# [SOLVED] B&S 12.5 hp. starts runs for 2-3 min. then stalls.



## tom99S104x4 (Aug 10, 2009)

hi, i have a 1999 MTD Yard Machine ryding mower with a B&S 12.5 hp. model 28T707-1154-E1.it has a LMT Flo-Jet carb. gravity fed, fixed orifice main jet with adjustable idle jet. the problem started at the end of last summer. i was cutting grass and the engine started losing power sputtering and died. it would not start up again so i let it sit for about half hour and it started right up ran for a couple minuts and started to sputter again and stall. when it starts sputtering it blows out white smoke and if you lower the thottle it helps smoth out the idleling and the white smoke stops but it will still stall in about 30 seconds or so. i checked what ever i could think of and could find nothing so i took of the carb, sprayed it up with carb cleaner and blew out the passages and installed it. the mower was fine for the reast of the season. drained the gas and put it away for the winter. took it out a couple weeks ago changed oil, filters, spark plug, gased it up started right up ran it around alittle everything was fine. today whent to cut grass for first time , started mower whent about 10 feet and it started to sputter and then stalled. same problem starts when you let it sit for awile and idles very well until a couple minuts go by and then sputter, white smoke , stall. i took off carb and cleaned and blew out the passages again but had no efect this time.somone told me it could be the coil but i put a spark tester on the engine and ajusted the gap to almost a half inch and the spark jumped it and started the engine, i wached the spark untill it started sputtering and stalled out and the spark looked strong to me the hole time. so i guess the coil should be good. right now i am leaning toward a carb. rebuild kit but befor i spend 45 bucks i would apreciate any help. Thanks Tom.


----------



## Basementgeek (Feb 7, 2005)

*Re: B&S 12.5 hp. starts runs for 2-3 min. then stalls.*

I have no real idea on the white smoke on start up other than seals.
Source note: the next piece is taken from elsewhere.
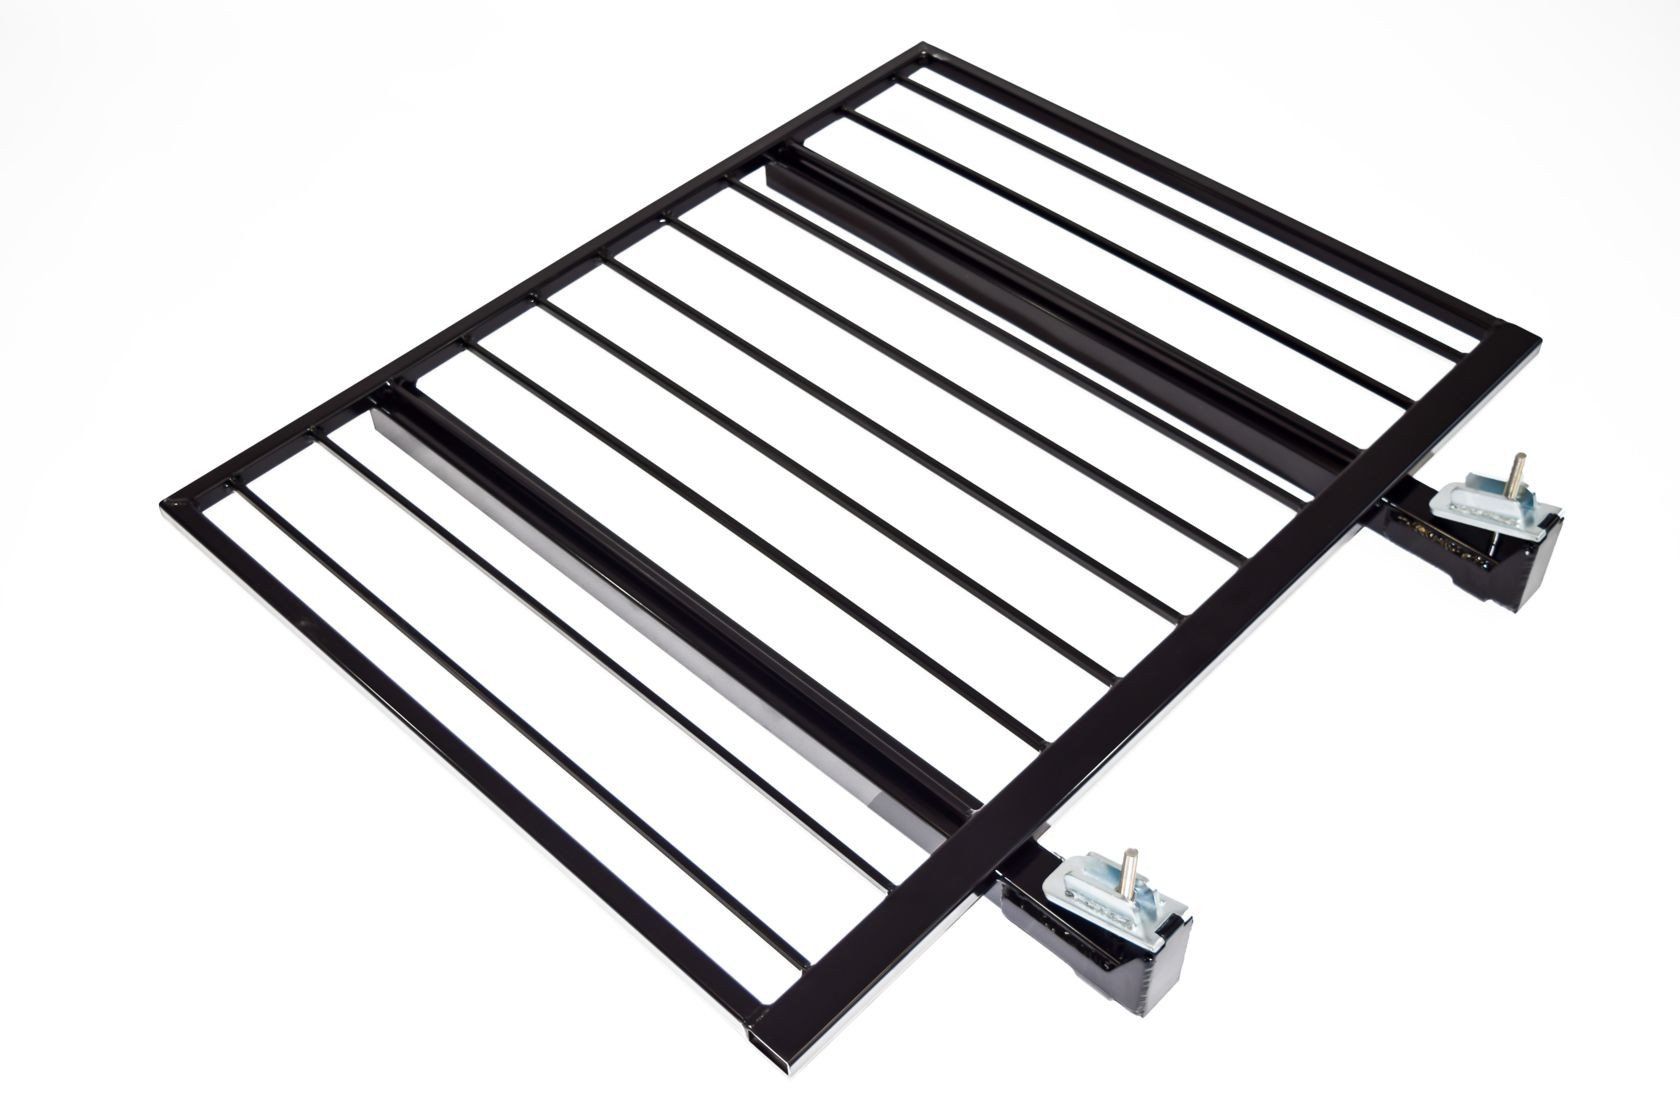 Aluminum Guardrail Frame (Code compliant for public use) Black Finish 4'x36

Try running with the gas cap very loose. Could be just a clogged vent on the gas cap.

BG


----------



## luvvgunn (Dec 28, 2005)

*Re: B&S 12.5 hp. starts runs for 2-3 min. then stalls.*

The spark may weaken as the engine warms,tho i would think the best bet would be the carb failing to properly adjust the mix.
New choke springs ,intake filter can go along way to lining a out issues like this.
Another thing you can do/check, use compressed air to blow any debris from under the engine cap,as there is a small blade used to adjust A/F mix,that is moved by the air produced from the rotor's RPM.Check the gap between the magneto and the rotor,as it can aggravate issues . this may help HowStuffWorks "How to Repair Small Engines: Tips and Guidelines"
Good luck and let us know how it goes


----------



## tom99S104x4 (Aug 10, 2009)

*Re: B&S 12.5 hp. starts runs for 2-3 min. then stalls.*

hi BG, Luvvgunn, i tried the lose gas cap and it made no diff. i pulled the cover off the engine today and checked the gap on the magnito it was within specs, i got out the air hose and blew in ,out and under engine. i did find the spring that is on the choke link had broken off at the very end, so i bent the end and put it on where it belongs. i don't know if it was broken befor i started messing with the carb. or if i broke it when i removed the carb. any ways i started the mower after i put it back together and it ran a little longer then the last times then did the same thing, started to sputter then blue out white or maybe very light grey smoke started to stall, but this time when i lowered the throttle to half position to try and keep it from stalling it did not stall and kept on runnig. after about 15 minuts i mixed up a gallon of gas & seafoam for engines and put it in the gas tank and let in run for about 1/2 hour. then i raised the throttle up a click or two and it kept running so i waited alittle while and did the same thing until it was at full throttle and i let it run for about 15 minuts turned it off and restarted it a few times and it did not try to stall at all. it still idles rough and sputters or it sounds like small back fires. it was raining here all day so i could not take it out and see what happens when i try and cut grass with it. i will let you know what happens tomorrow. thanks guys.


----------



## luvvgunn (Dec 28, 2005)

*Re: B&S 12.5 hp. starts runs for 2-3 min. then stalls.*

Hello Tom,
White smoke is a result of "rich" fuel mix,the grey tint is from a small amount of oil burning,which is to be expected in older engines.
If SeaFoam made a difference,i would suspect build up in or around the float/ needle valve.
So a compound issue, build up and poor choke control,short of breaking the carb down for cleaning ,replacing springs etc. etc. 
A $2 jimmy rig fix you can try,inline fuel shut off valve between tank/carb,this allows you to adjust it to "starve" the carb countering the rich condition.
A word of warning 1.loose fuel hose clamps can be a very bad thing. 2. running the engine "lean" can cause it to also run hot.
Good luck


----------



## tom99S104x4 (Aug 10, 2009)

*Re: B&S 12.5 hp. starts runs for 2-3 min. then stalls.*

hi luvvgunn, i ran around like a made man on it today LOL. it ran pretty good today. i cut some grass with it but had to stop do to sinking and getting stuck in the mud , had to push it back to solid ground. all that rain yesterday soaked the ground again. your right about the springs and rebuild kit. i will order them while its running again and have in case it starts up again, otherwise i'll do it in the winter. i'll order an inline shutoff valve to. i was wishing i had one on it while i was working on it . i think after 12 years of beating the hell out of it ,i can invest a couple of bucks in it.i'll run another batch of seafoam threw it to. this is my first post in small engines, i post over in the autoforums. great bunch of people on this site. i was in the middle of installing a valve body in my truck when i got side tracked with the mower. now i can finnish it tomorrow. thanks for your help. LV and BG


----------